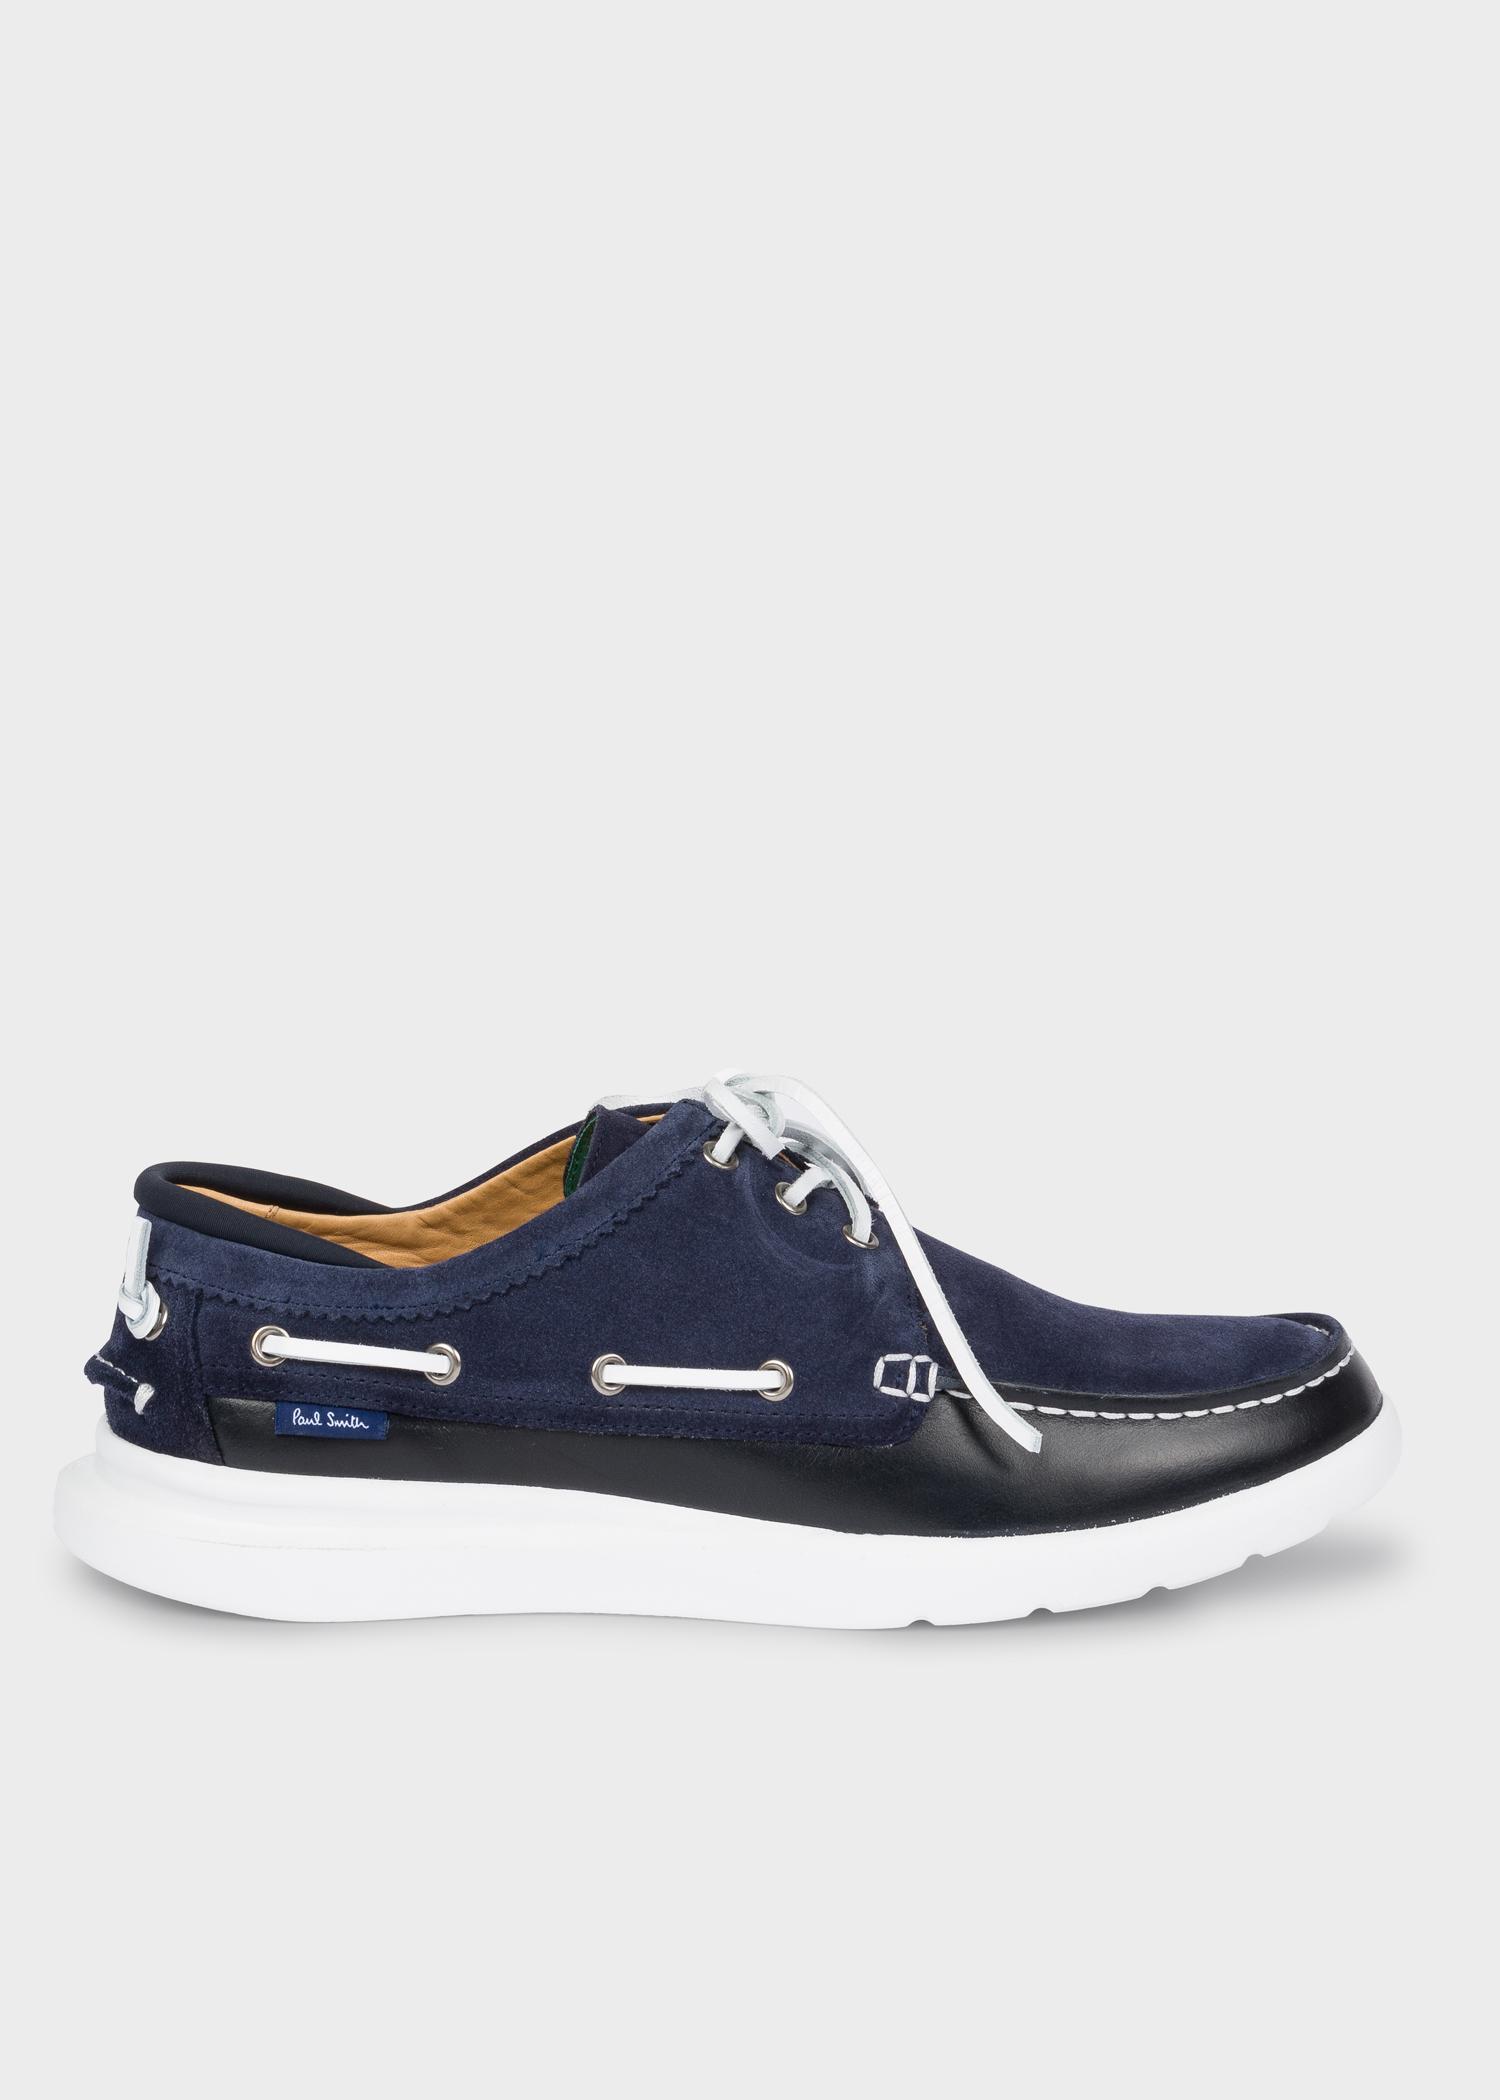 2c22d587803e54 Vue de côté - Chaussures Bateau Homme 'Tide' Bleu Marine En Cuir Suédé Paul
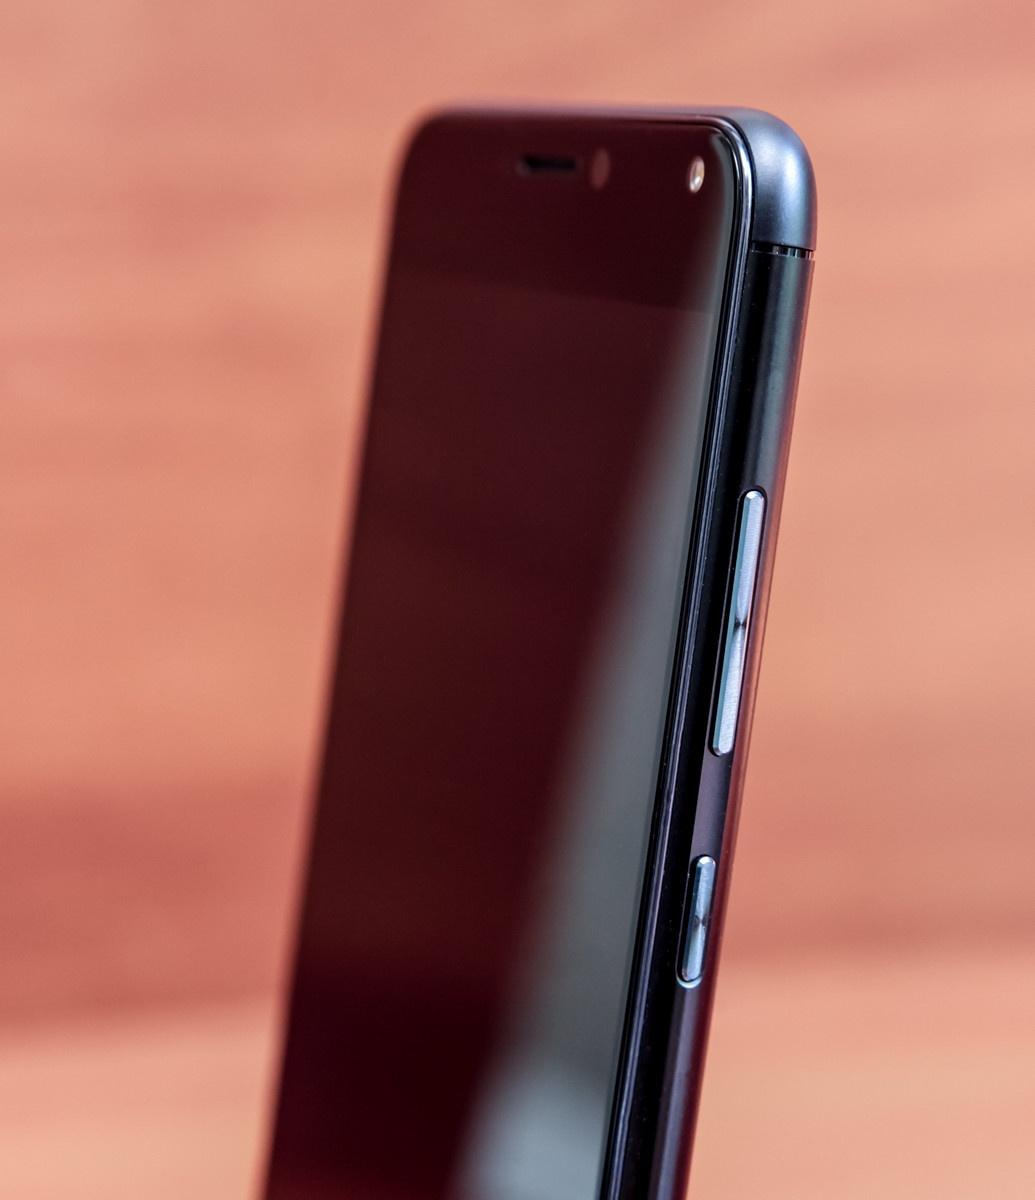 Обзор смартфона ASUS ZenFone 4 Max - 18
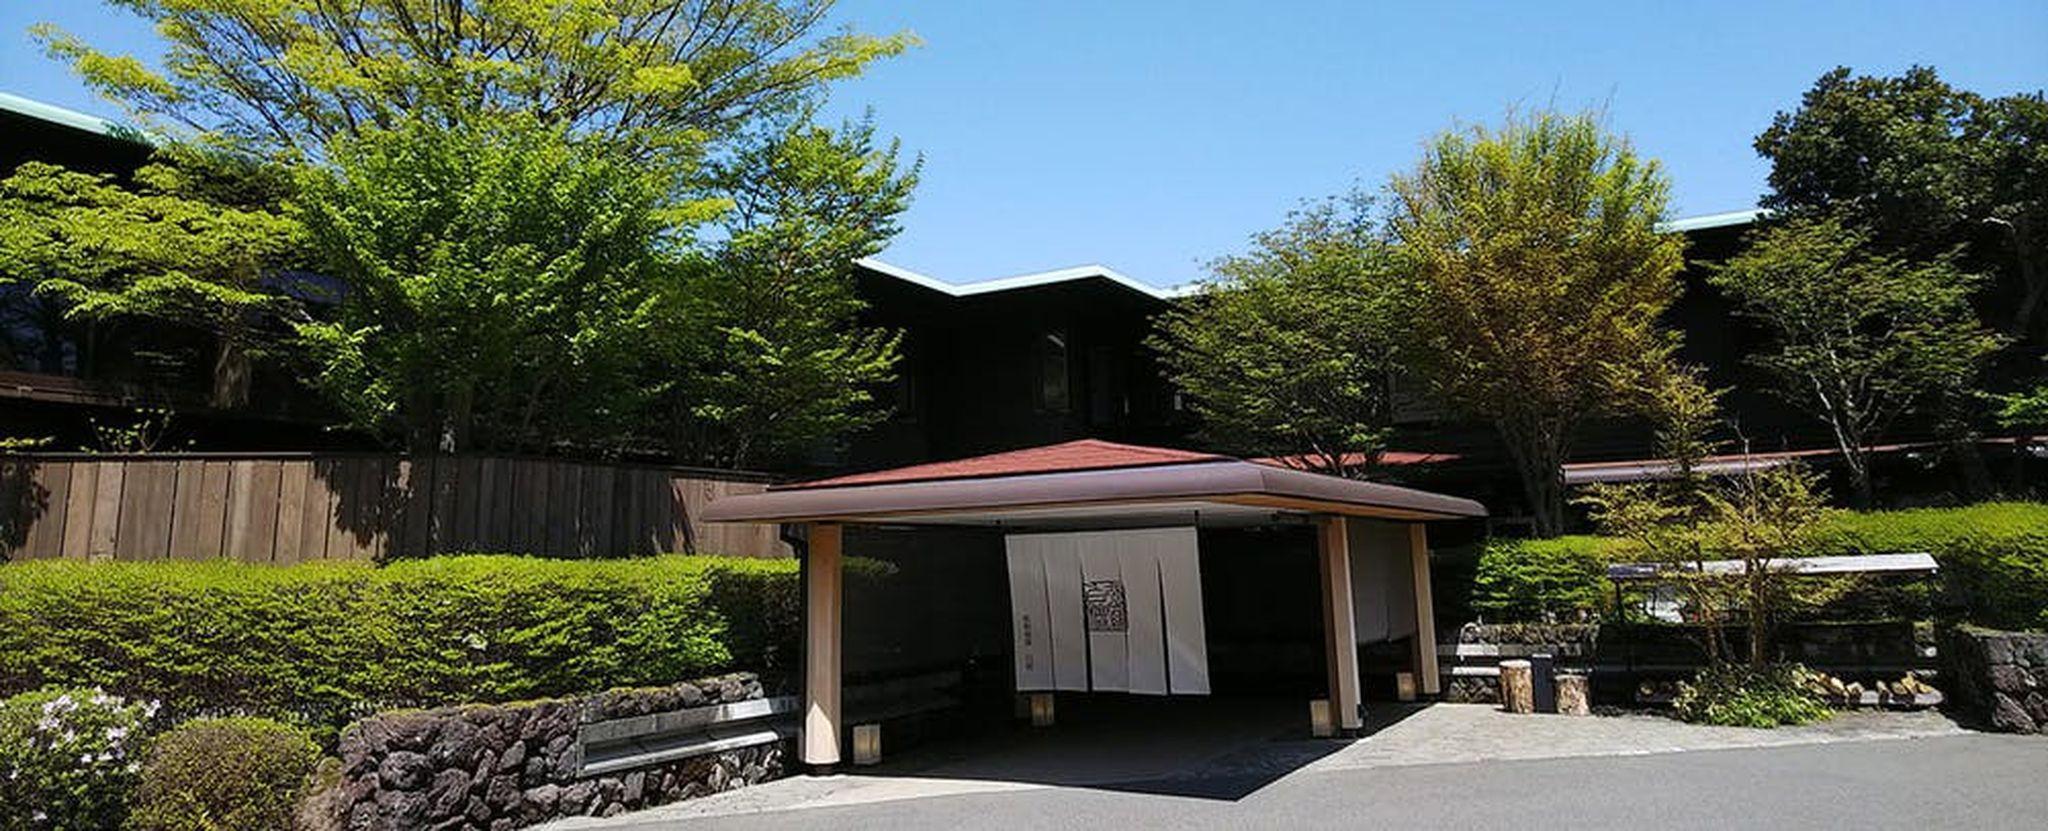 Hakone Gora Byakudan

■ **Required work**: Copy out the whole listing word for word, except for any picture it includes.

■ **Answer to this task**:
 2c22d587803e54 Vue de côté - Chaussures Bateau Homme 'Tide' Bleu Marine En Cuir Suédé Paul
 Обзор смартфона ASUS ZenFone 4 Max - 18
 Hakone Gora Byakudan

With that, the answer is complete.